### Instructions to follow
Since the copy must hold text only, transcribe the data below exactly and omit the images.

### Dataset section
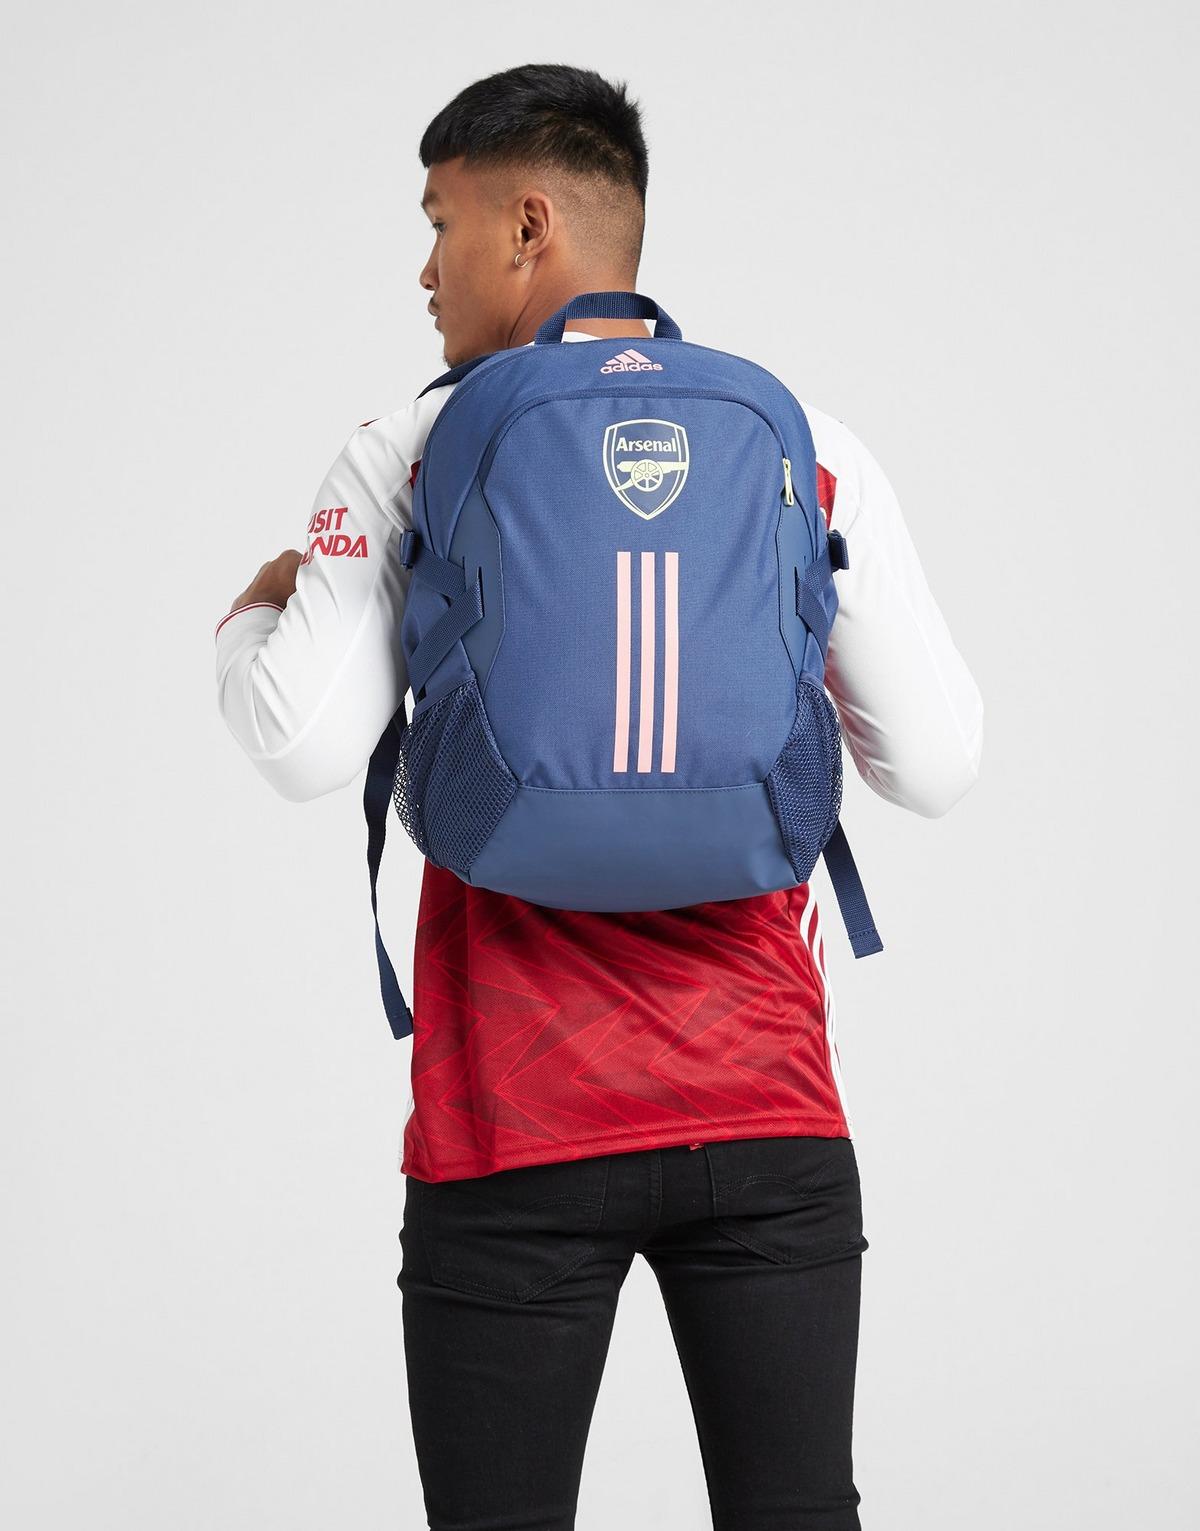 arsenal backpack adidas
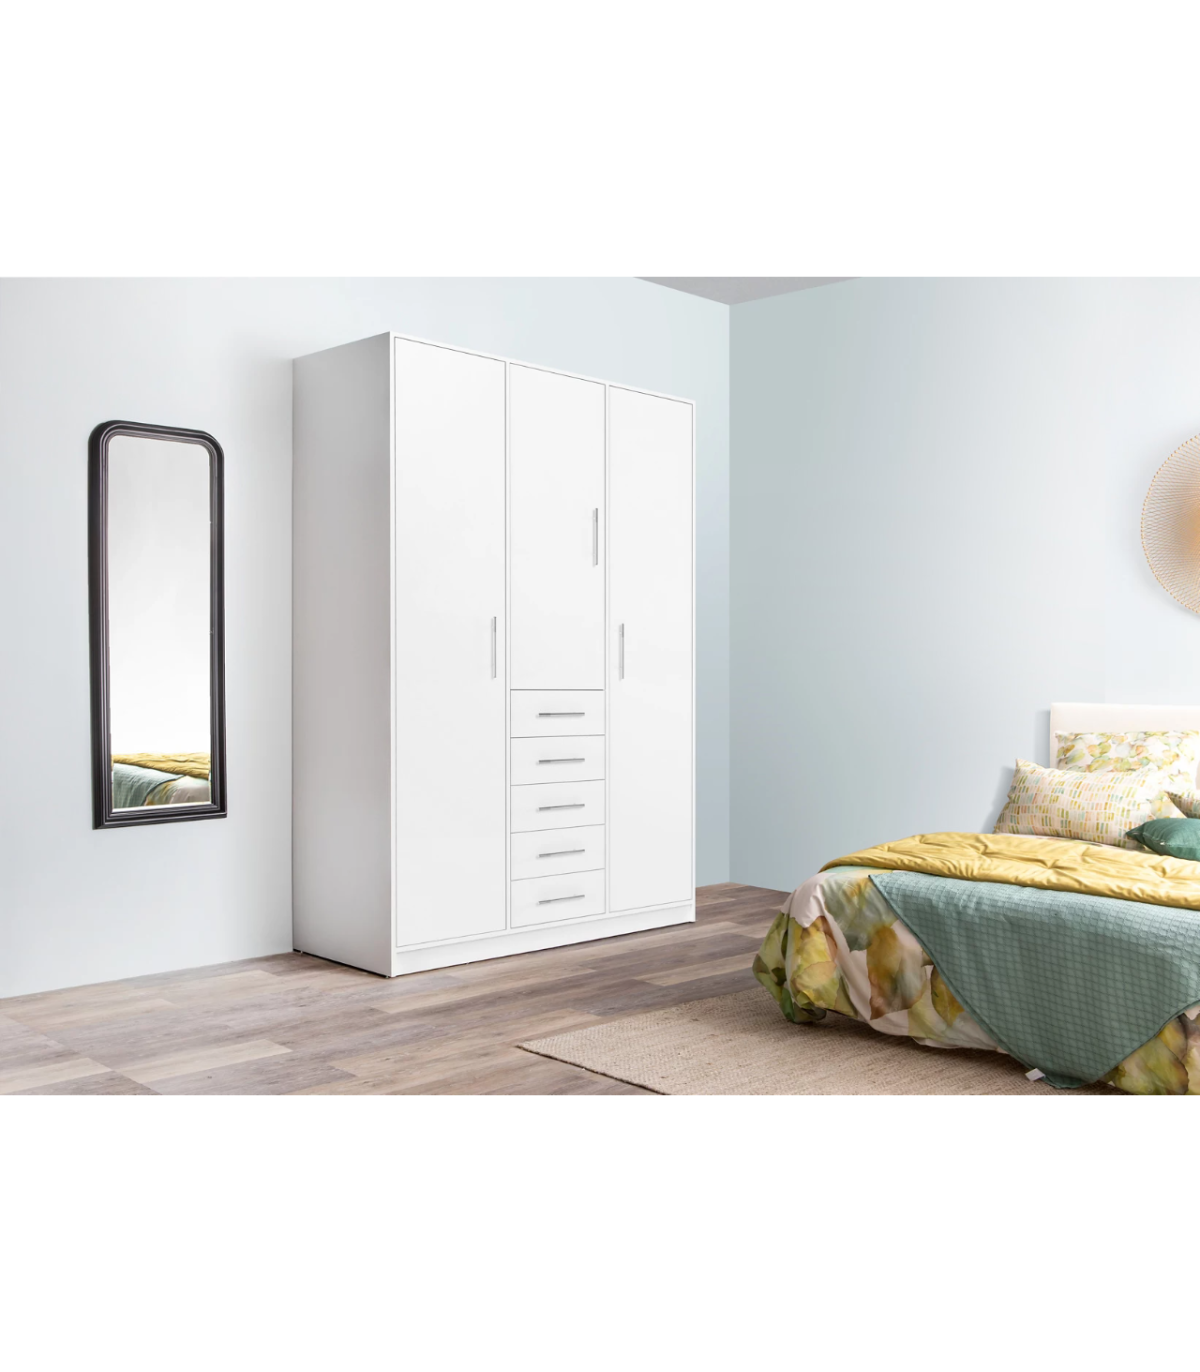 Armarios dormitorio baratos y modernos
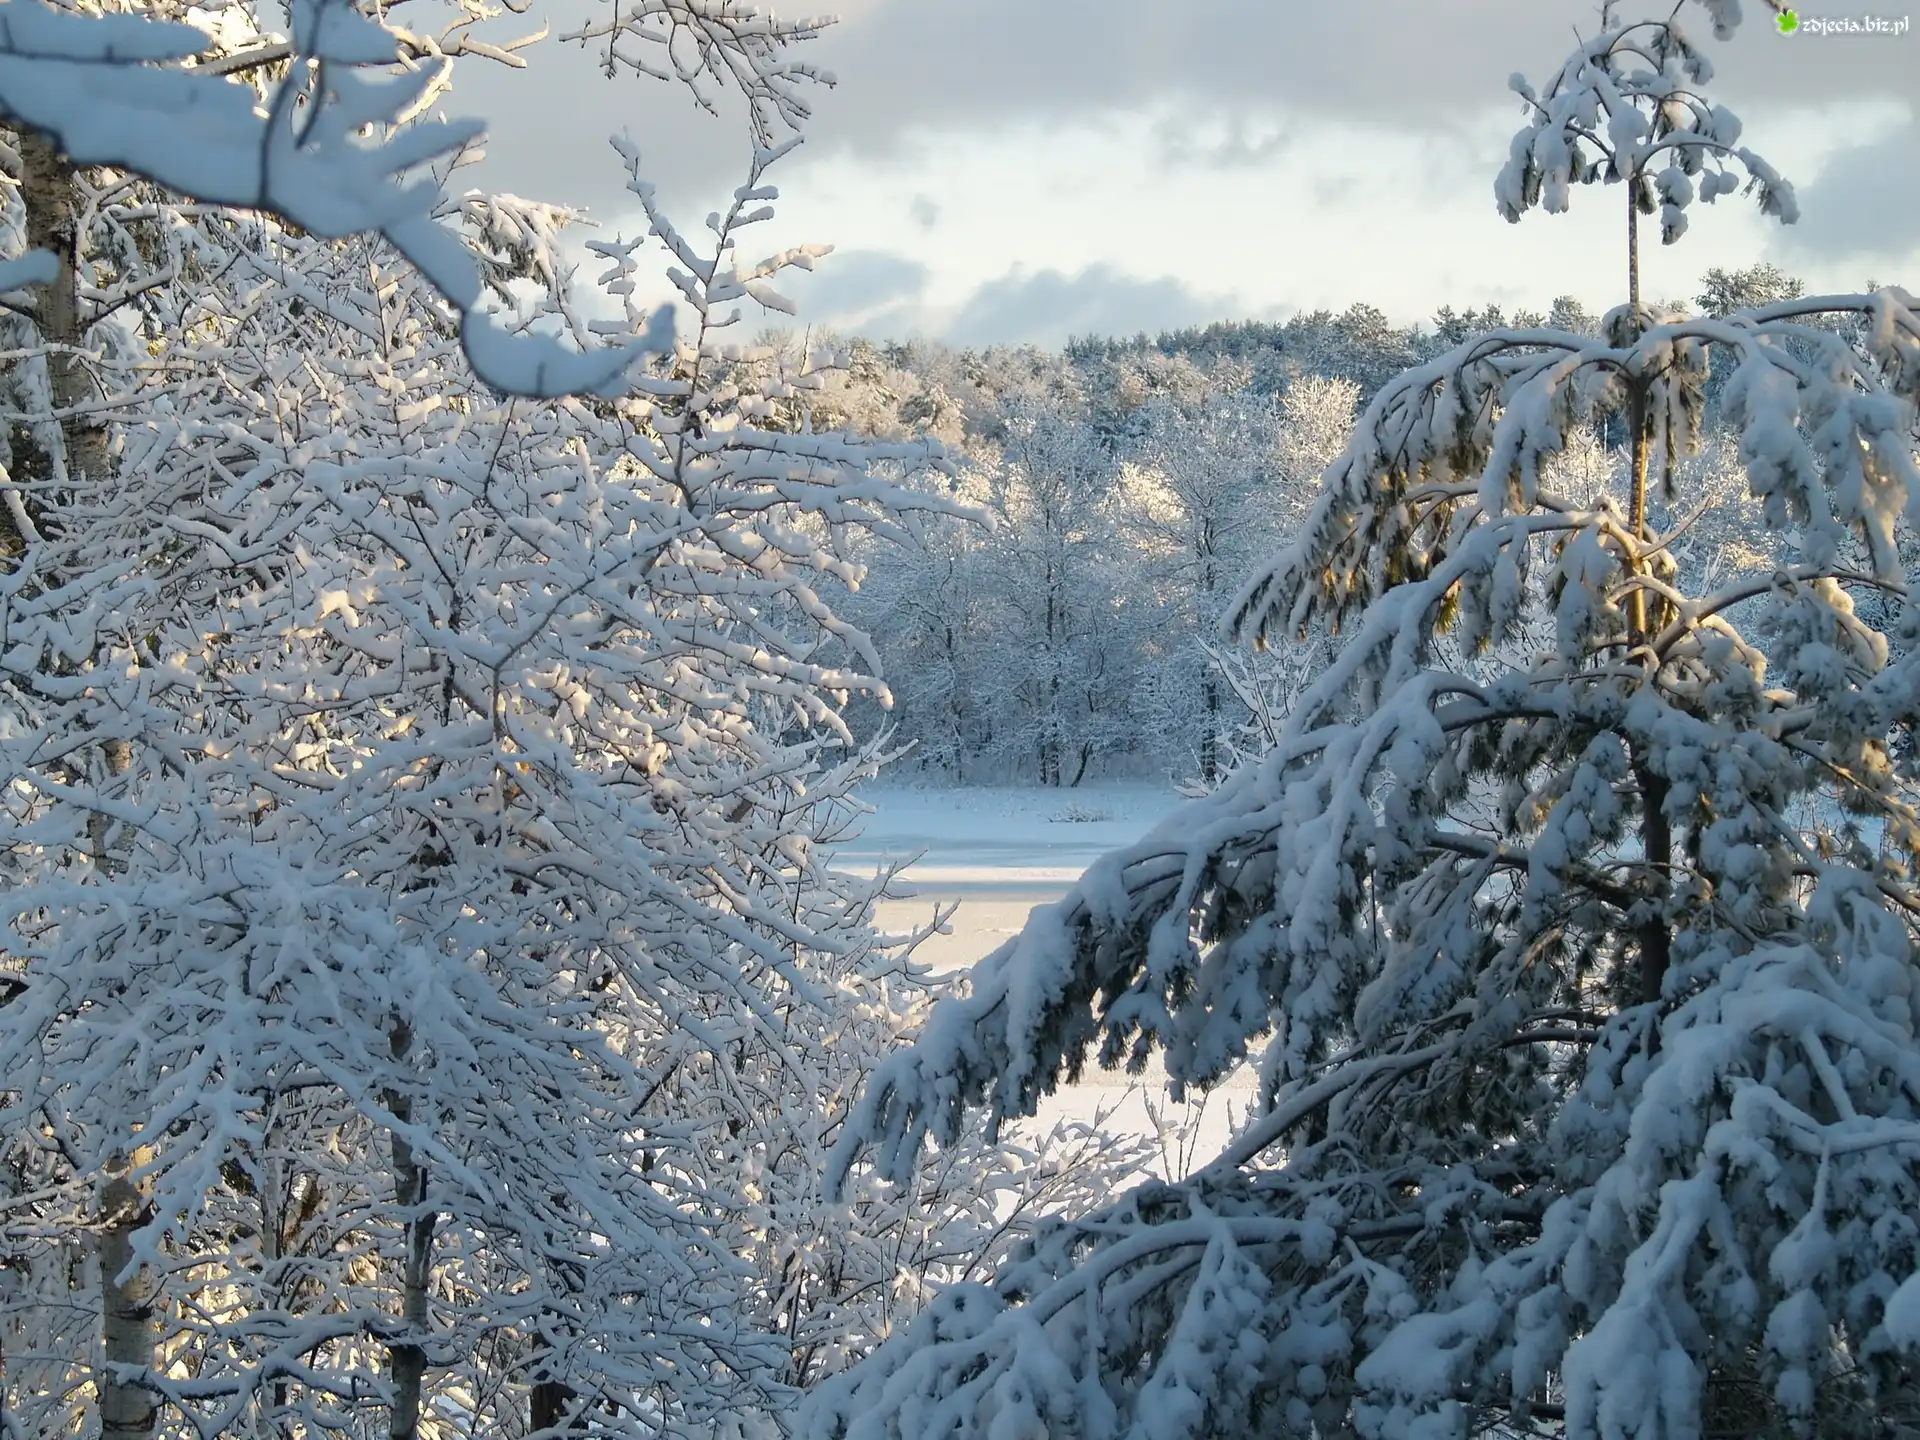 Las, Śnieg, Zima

### Answer box
 arsenal backpack adidas
 Armarios dormitorio baratos y modernos
 Las, Śnieg, Zima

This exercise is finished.